Prevalence is a valuable epidemiological measure about the burden of disease in a community for planning health services; however, true prevalence is typically underestimated and there exists no
reliable method of confirming the estimate of this prevalence in question. This thesis studies imprecise priors for the development of a statistical reasoning framework regarding this epidemiological decision making problem. The concept of imprecise probabilities introduced by Walley (1991) is
adopted for the construction of this inferential framework in order to model prior ignorance and quantify the degree of imprecision associated with the inferential process.

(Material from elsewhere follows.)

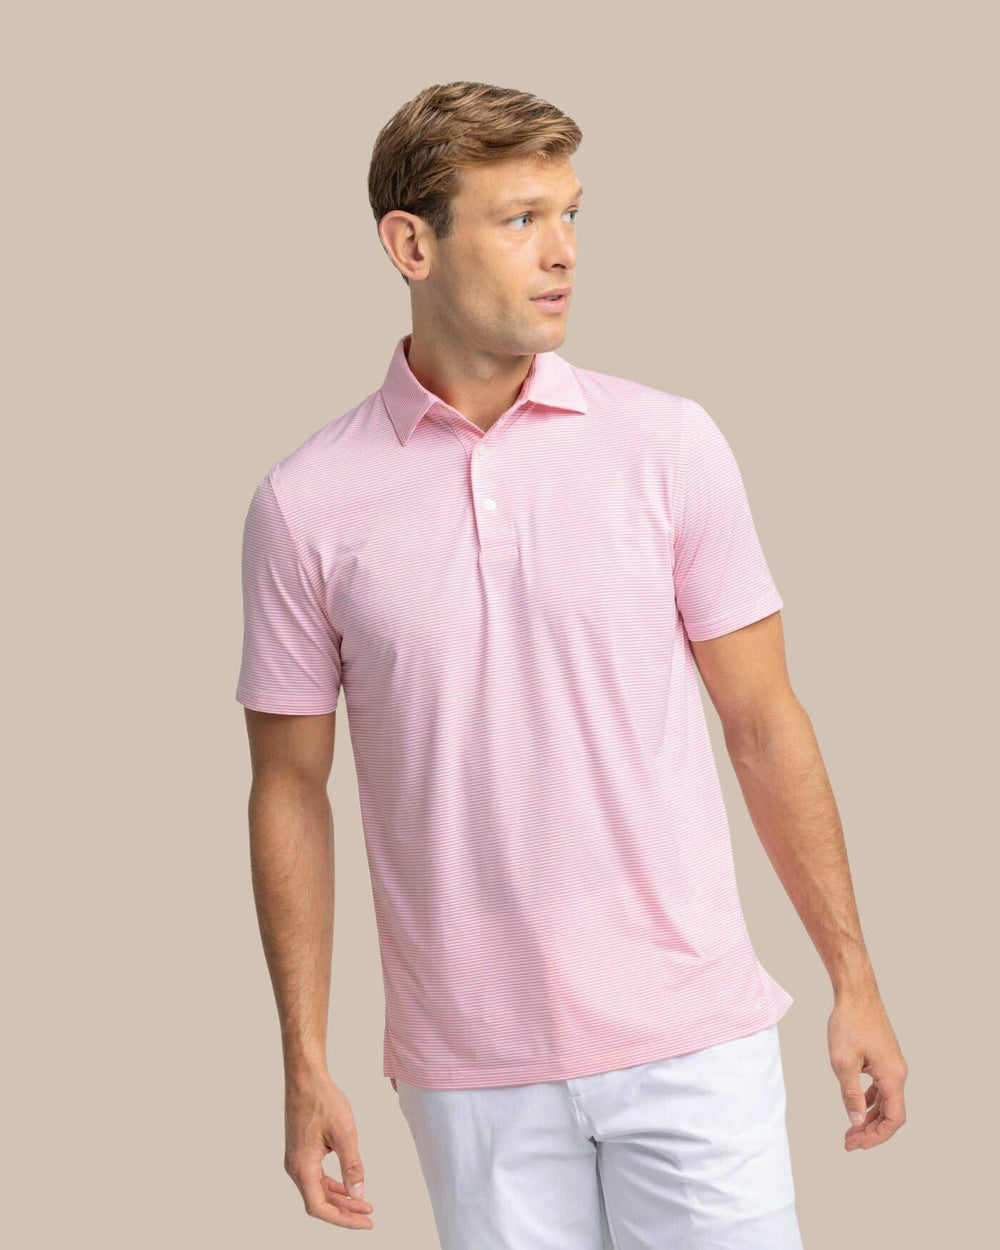 The front view of the Southern Tide brrr-eeze Meadowbrook Stripe Polo by Southern Tide - Geranium Pink

The study is restricted to the standard and zero-truncated Poisson sampling models that give an exponential family with a canonical log-link function because of the mechanism involved with the estimation of population size. A three-parameter exponential family of posteriors which includes the normal and log-gamma as limiting cases is introduced by applying normal priors on the canonical parameter of the Poisson sampling models. The canonical parameters simplify dealing with families of priors as Bayesian updating corresponds to a translation of the family in the canonical hyperparameter space. The canonical link function creates a linear relationship between regression coefficients of explanatory variables and the canonical parameters of the sampling distribution. Thus, normal priors on the regression coefficients induce normal priors on the canonical parameters leading to a higher-dimensional exponential family of posteriors whose limiting cases are again normal or log-gamma.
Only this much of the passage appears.